Respuesta ecológica rápida —y límites
La inundación estable de humedales reactiva cadenas tróficas: aumenta la disponibilidad de alimento y refugio, lo que a su vez mejora las tasas de cría de anátidas y limícolas tras periodos difíciles. Sin embargo, los expertos recuerdan que los beneficios en superficie no se traducen de inmediato en la recuperación completa de los recursos subterráneos.
El responsable de conservación en Doñana apunta que, aunque la fauna responde pronto cuando regresa el agua, la restauración de los acuíferos exige tiempo y cambios en la gestión del uso del suelo y del agua.
Los acuíferos, los “embalses invisibles”
La infiltración y la conexión entre ríos y capas freáticas son procesos que refuerzan las reservas a medio plazo. Técnicos de Cetaqua Andalucía explican que parte del caudal superficial se incorpora al subsuelo con distinta rapidez: algunos acuíferos muestran respuesta casi inmediata si están bien conectados con cursos fluviales, mientras que otros, más profundos, se recargan de forma lenta.
- Abastecimiento urbano: más margen para la gestión en los próximos meses, pero no garantía de sobra permanente.
- Agricultura: disponibilidad temporal mayor, aunque ampliar regadíos sin planificación puede agotar las reservas a largo plazo.
- Ecosistemas: recuperación de humedales favorece la biodiversidad, pero episodios extremos generan mortalidad puntual y erosión.
- Calidad del agua: la llegada de agua de lluvia puede diluir contaminantes, aunque incrementa la turbidez y la carga de sedimentos en ríos y plantas de tratamiento.
- Riesgos: crecidas y erosión en zonas alteradas, y una falsa sensación de seguridad si se actúa solo en función del volumen embalsado.
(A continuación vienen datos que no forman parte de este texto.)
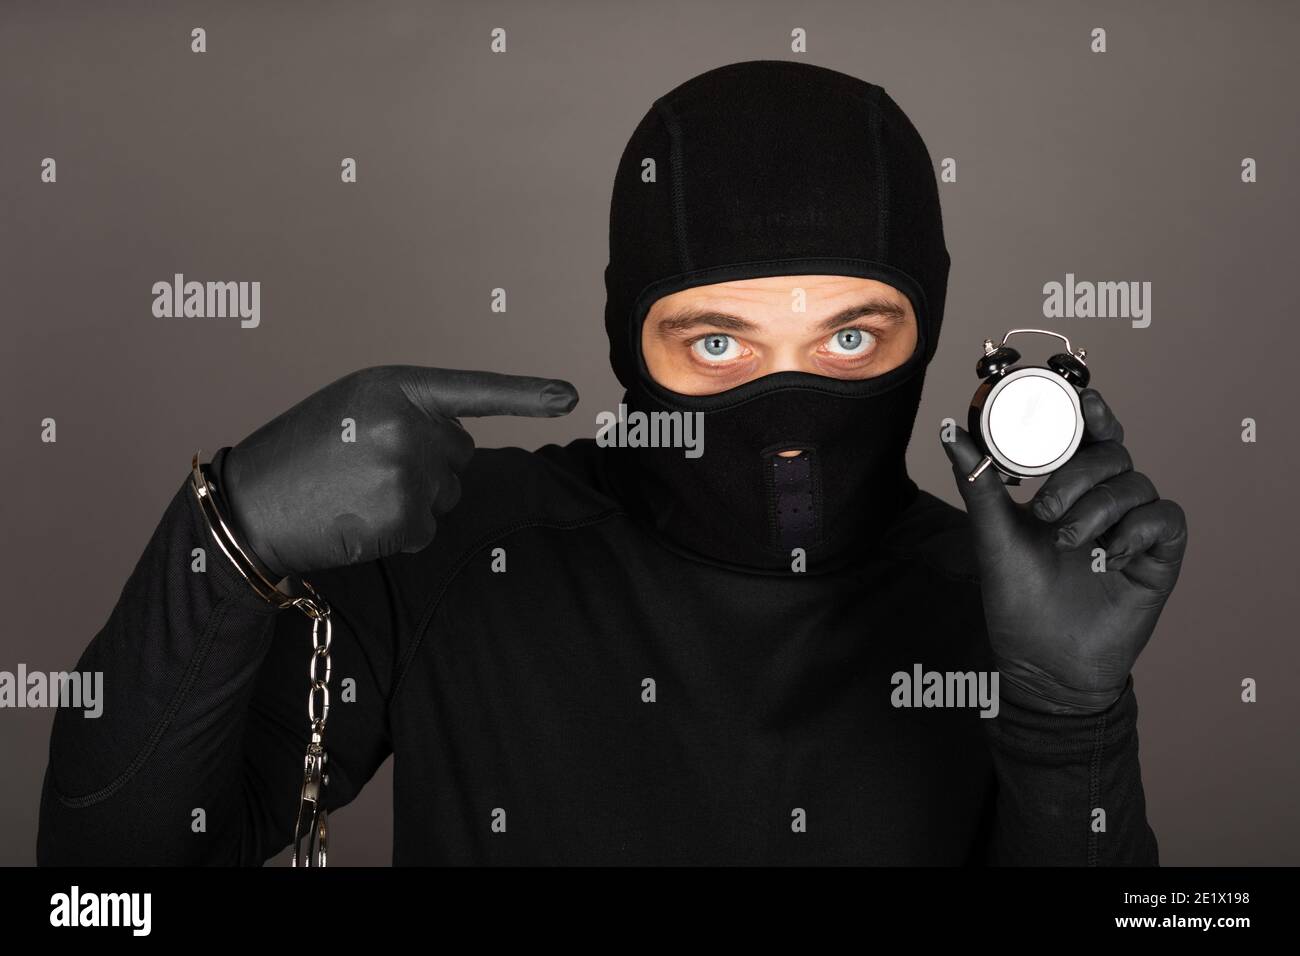 Picture of young man with black mask and outfit suspect of a robbery, wearing handcuffs in front of grey background Stock Photo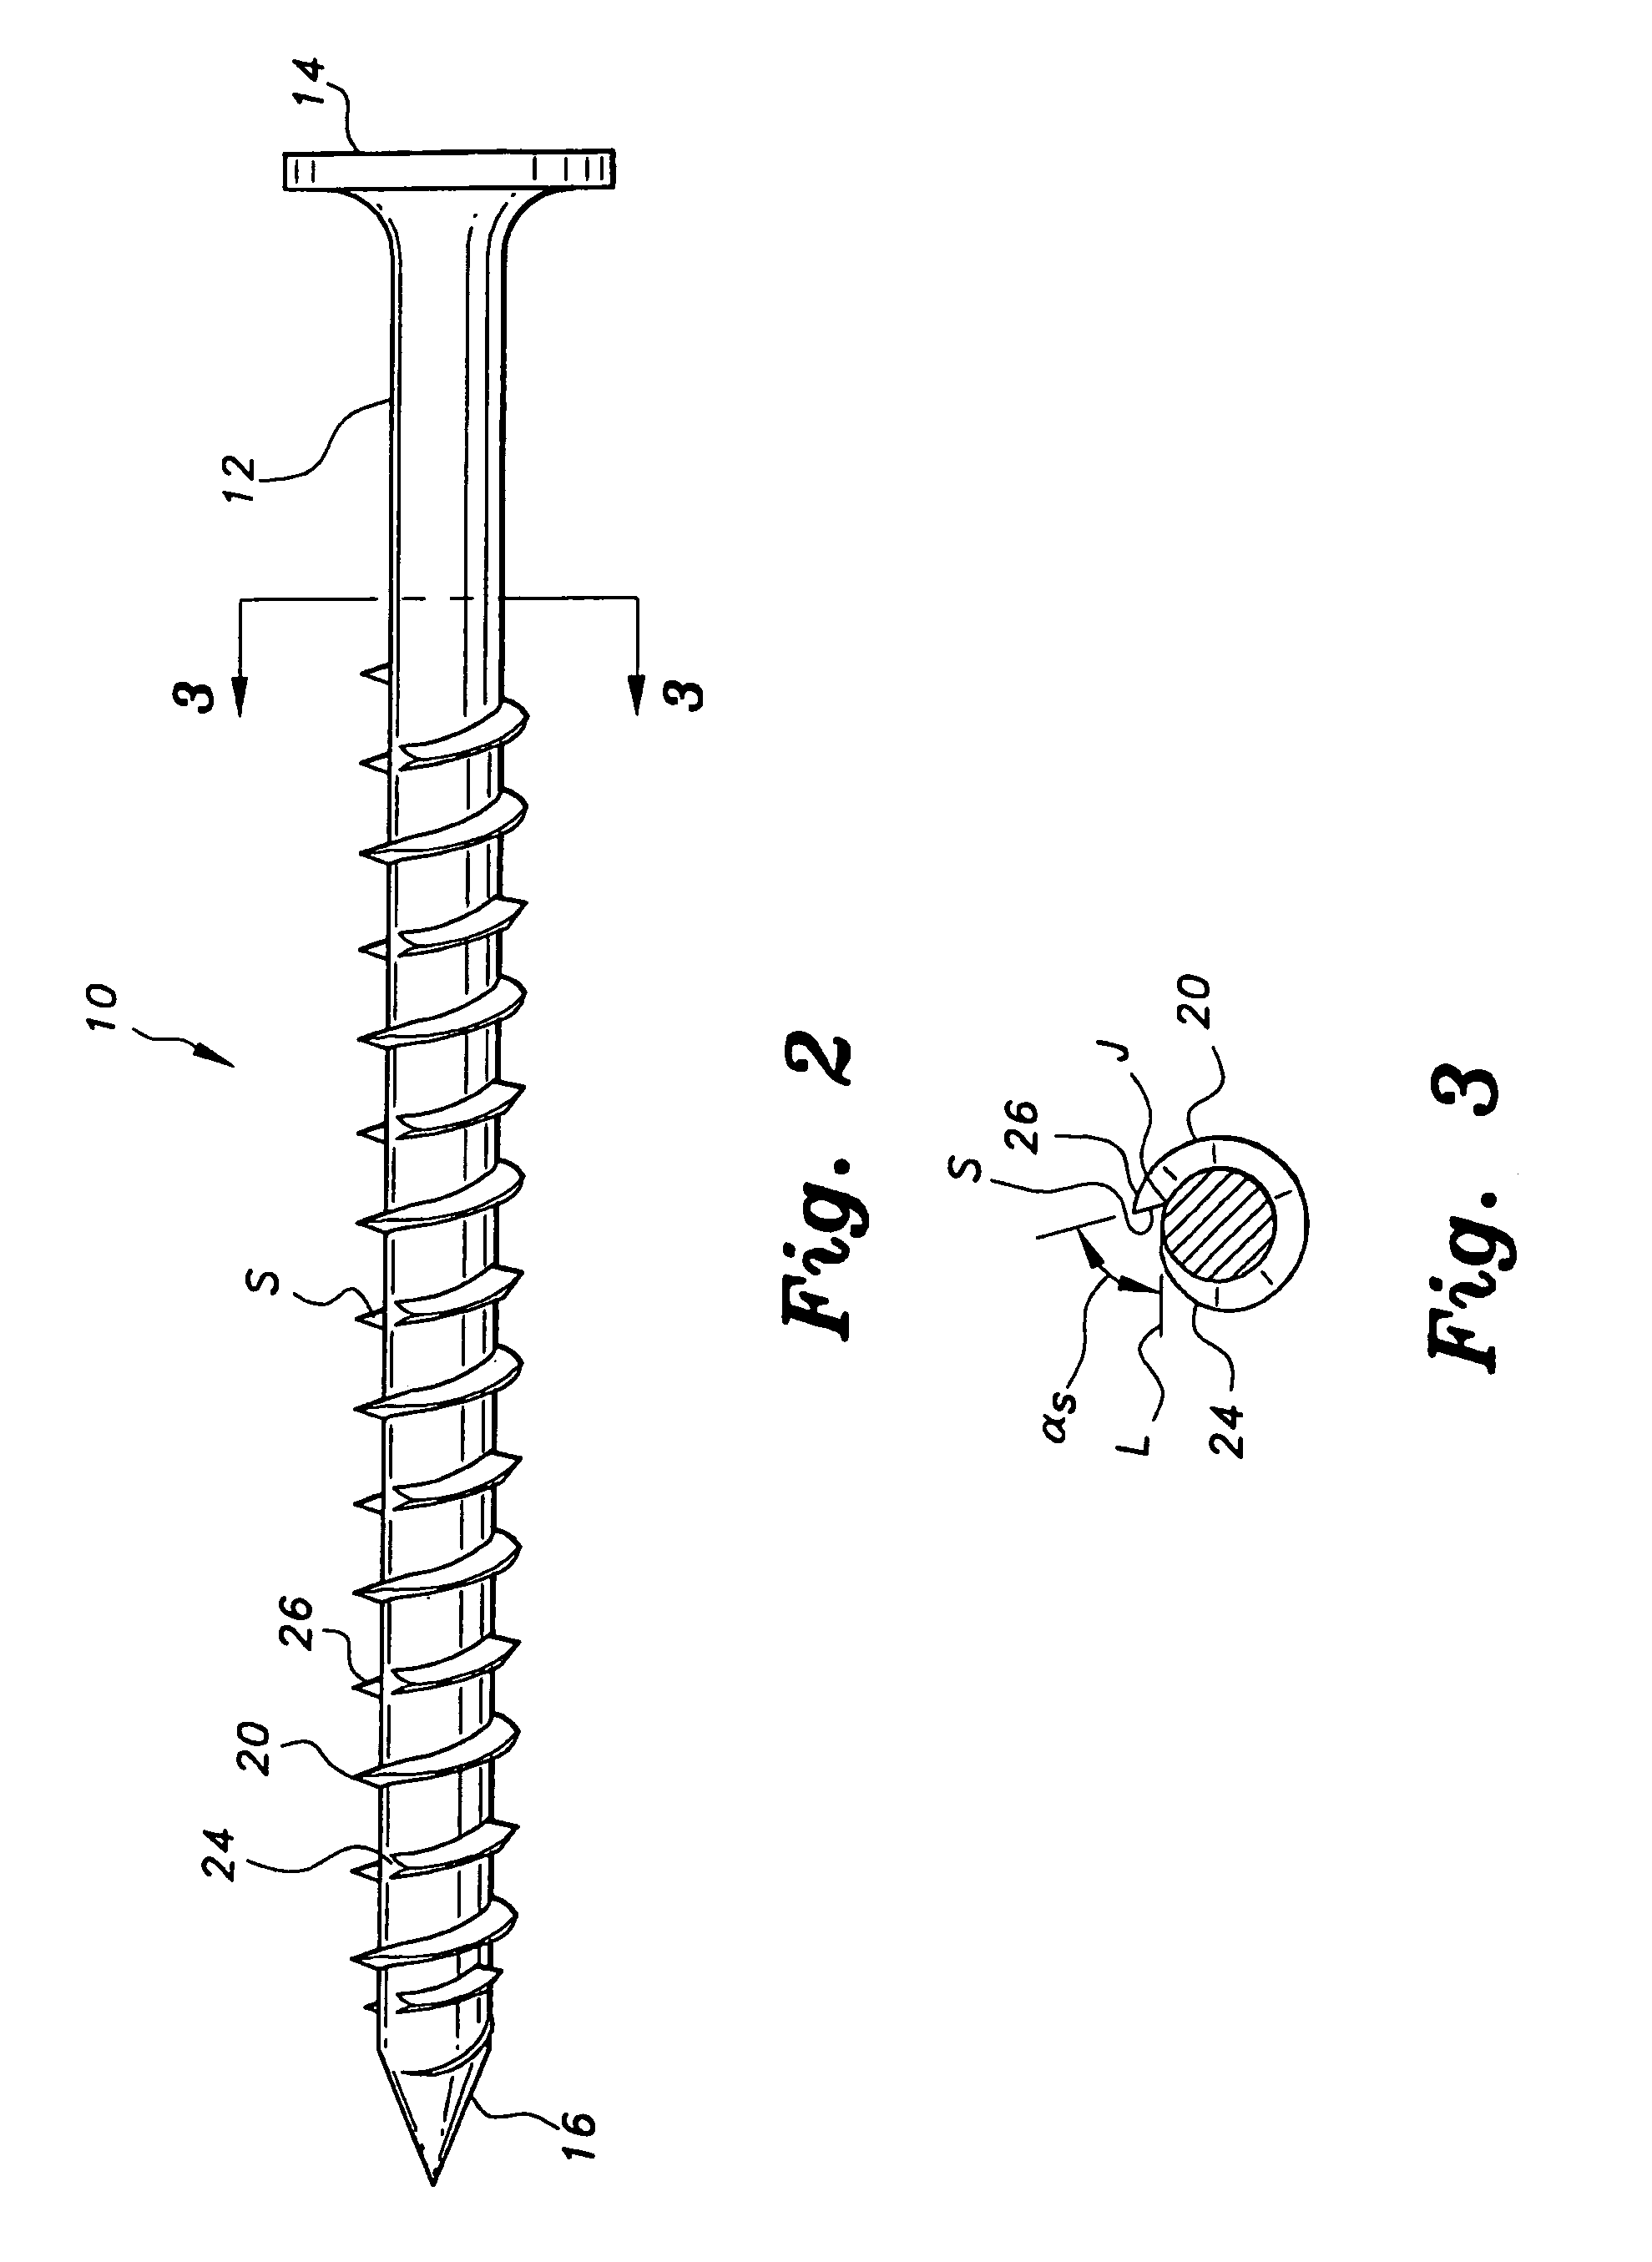 Reverse barb system for screws and nails

Impactos adversos y señales de alerta
A pesar de los beneficios, las tormentas han provocado efectos negativos localizados: mortandad de aves marinas por vientos extremos y episodios de erosión en márgenes fluviales y litorales ya transformados. Estos daños muestran cómo las lluvias intensas también pueden amplificar problemas preexistentes.
Los responsables técnicos insisten en que aprovechar los episodios de lluvia exige medidas complementarias: reducir extracciones, mejorar la gestión de cuencas y planificar infraestructuras que favorezcan la recarga controlada de acuíferos.
Qué cambia —y qué no— frente al nuevo clima
Los climatólogos avisan que la alternancia entre sequías prolongadas y episodios de lluvia concentrada será más habitual. Por eso, las autoridades y los sectores económicos deben evitar decisiones a corto plazo como la ampliación indiscriminada de áreas de regadío apoyadas solo en embalses llenos.
La conclusión de los especialistas es inequívoca: este episodio mejora la disponibilidad hídrica en el corto plazo y ofrece un margen para recuperar ecosistemas y reservas, pero no sustituye a una estrategia de gestión a largo plazo que contemple la reducción de extracciones, la restauración de humedales y modelos productivos menos dependientes del agua.
En resumen, Andalucía entra en una fase de mayor disponibilidad hídrica tras las lluvias, pero la sostenibilidad del recurso dependerá de decisiones políticas y de gestión que traduzcan ese alivio temporal en resiliencia real frente a un clima más errático.